Plus de 530 emplois en jeu au N.-B.: Sears veut se faire rassurant

Les difficultés financières que vit le géant du commerce de détail Sears Holding Corp font craindre le pire au Nouveau-Brunswick, où Sears Canada a promis de créer 530 nouveaux emplois cette année.

Le géant du commerce de détail Sears Holding Corp a indiqué mardi dans son rapport annuel et aux investisseurs devoir 4,2 milliards $ et douter de son avenir aux États-Unis.

De fait, l’entreprise a perdu 2,2 milliards $ au cours de l’exercice se terminant en janvier et n’a pas obtenu de bénéfice annuel depuis 2010. Ses pertes depuis lors totalisent pas moins de 10,4 milliards de dollars.

«Nos opérations et nos résultats financiers sont assujettis à divers risques et incertitudes, ce qui pourrait avoir une incidence défavorable sur nos activités, nos résultats d’exploitation et notre situation financière», peut-on lire dans le rapport annuel de 140 pages de l’entreprise déposé à l’autorité américaine des marchés financiers.

Même si Sears exerce au Canada ses activités indépendamment de l’entreprise américaine, celle-ci détient tout de même 11,7 % des actions de Sears Canada.

Voilà pourquoi plusieurs craignent pour l’avenir des centres d’appels d’Edmundston et de Saint-Jean et pour celui des 530 employés qui doivent y travailler.

Les déboires financiers de l’entreprise ont trouvé écho jusqu’à l’Assemblée législative du Nouveau-Brunswick, où le premier ministre Brian Gallant a été talonné par l’opposition officielle.

Précisons qu’Opportunités NB, le ministère de l’Éducation postsecondaire, de la Formation et du Travail et la Société de développement régional prévoient verser 8,7 millions $ à Sears Canada sous forme de subventions salariales et de prêts.

«Le premier ministre peut-il décrire ce qui lui a fait croire que donner des millions et des millions de dollars à Sears était une bonne idée?», a demandé le chef conservateur Blaine Higgs.

Brian Gallant a tenu à préciser que l’aide gouvernementale sera octroyée une fois les emplois officiellement créés par Sears Canada.

Joint par l’Acadie Nouvelle à son siège social de Toronto, l’entreprise a tenu à rappeler que Sears Holding et Sears Canada sont des sociétés bien distinctes.

«Les choses progressent très bien aux centres d’affaires d’Edmundston et de Saint-Jean. Nous avons pris notre premier appel à Edmundston le 20 février et en avons de plus en plus depuis. Nous avons toujours l’intention d’embaucher 180 personnes», a indiqué Vincent Power, le porte-parole de l’entreprise.

«Nous formons notre premier groupe d’associés cette semaine à Saint-Jean, où les activités vont commencer un peu plus tard qu’à Edmundston.
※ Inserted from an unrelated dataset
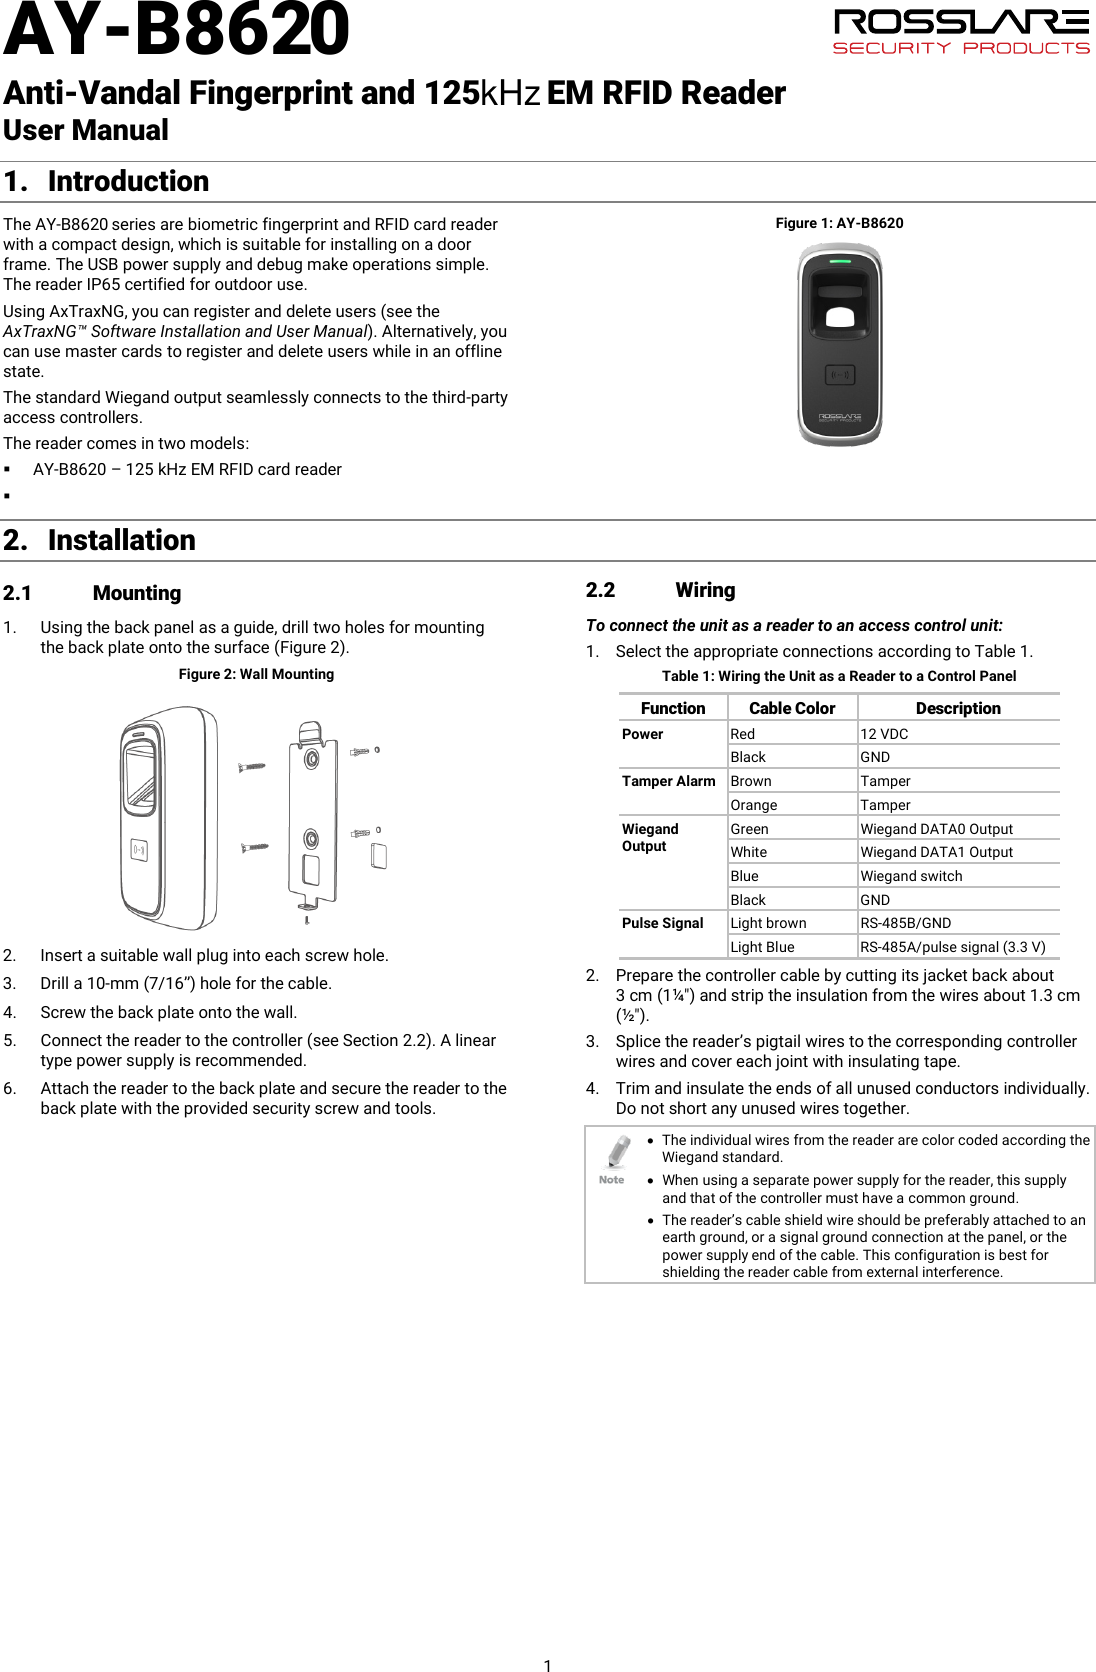 AY-B8620   Anti-Vandal Fingerprint and 125        EM RFID Reader  User Manual 1 1. Introduction The AY-B8620 series are biometric fingerprint and RFID card reader with a compact design, which is suitable for installing on a door frame. The USB power supply and debug make operations simple. The reader IP65 certified for outdoor use. Using AxTraxNG, you can register and delete users (see the AxTraxNG™ Software Installation and User Manual). Alternatively, you can use master cards to register and delete users while in an offline state. The standard Wiegand output seamlessly connects to the third-party access controllers. The reader comes in two models:  AY-B8620 – 125 kHz EM RFID card reader  Figure 1: AY-B8620 2. Installation 2.1 Mounting 1. Using the back panel as a guide, drill two holes for mounting the back plate onto the surface (Figure 2). Figure 2: Wall Mounting  2. Insert a suitable wall plug into each screw hole. 3. Drill a 10-mm (7/16”) hole for the cable. 4. Screw the back plate onto the wall. 5. Connect the reader to the controller (see Section  2.2). A linear type power supply is recommended. 6. Attach the reader to the back plate and secure the reader to the back plate with the provided security screw and tools. 2.2 Wiring To connect the unit as a reader to an access control unit: 1. Select the appropriate connections according to Table 1. Table 1: Wiring the Unit as a Reader to a Control Panel Function Cable Color Description Power Red 12 VDC Black GND Tamper Alarm Brown Tamper Orange Tamper Wiegand Output Green Wiegand DATA0 Output White Wiegand DATA1 Output Blue Wiegand switch Black GND Pulse Signal Light brown RS-485B/GND Light Blue RS-485A/pulse signal (3.3 V) 2. Prepare the controller cable by cutting its jacket back about 3 cm (1¼&quot;) and strip the insulation from the wires about 1.3 cm (½&quot;). 3. Splice the reader’s pigtail wires to the corresponding controller wires and cover each joint with insulating tape. 4. Trim and insulate the ends of all unused conductors individually. Do not short any unused wires together.  • The individual wires from the reader are color coded according the Wiegand standard. • When using a separate power supply for the reader, this supply and that of the controller must have a common ground. • The reader’s cable shield wire should be preferably attached to an earth ground, or a signal ground connection at the panel, or the power supply end of the cable. This configuration is best for shielding the reader cable from external interference.  kHz

Nous espérons recevoir notre premier appel à ce centre à la mi-avril», a-t-il ajouté.

Malgré ces propos rassurants, Sears Canada a annoncé  mardi avoir conclu une convention de crédit avec KKR Capital Markets LLC et GACP Finance LLC pour un prêt à terme garanti de 5 ans pouvant atteindre 300 millions $.

Le prêt, qui servira à répondre aux besoins généraux de la Société, est accessible en deux tranches, dont une de 125 millions $ qui a été retirée en entier mardi. Une deuxième tranche pouvant s’élever jusqu’à 175 millions $ pourra être touchée ultérieurement au gré de la société.

«Nous n’avons aucune information spécifique qui nous donnerait des raisons de craindre outre mesure pour les emplois à l’installation d’Edmundston», a indiqué le maire de l’endroit, Cyrille Simard.

Une visite de l’Acadie Nouvelle au centre d’appel de Sears Canada, jeudi à Edmundston, a permis de constater qu’une certaine activité professionnelle s’y déroulait.

Le stationnement de l’endroit destiné aux employés était jonché d’une cinquantaine de véhicules.

Un employé de l’endroit a indiqué au représentant de l’Acadie Nouvelle que 60 personnes étaient actuellement à l’emploi de Sears Canada dans ces installations et qu’il y avait peu d’inquiétude malgré les difficultés que traverse Sears aux États-Unis.

«Sears continue d’intensifier ses efforts ici à Saint-Jean. Je crois que l’entreprise a embauché 77 personnes et est sur la bonne voie pour embaucher 350 travailleurs sur une période de trois ans», a pour sa part raconté Steve Carson, le directeur de l’agence de développement économique Entreprise Saint John.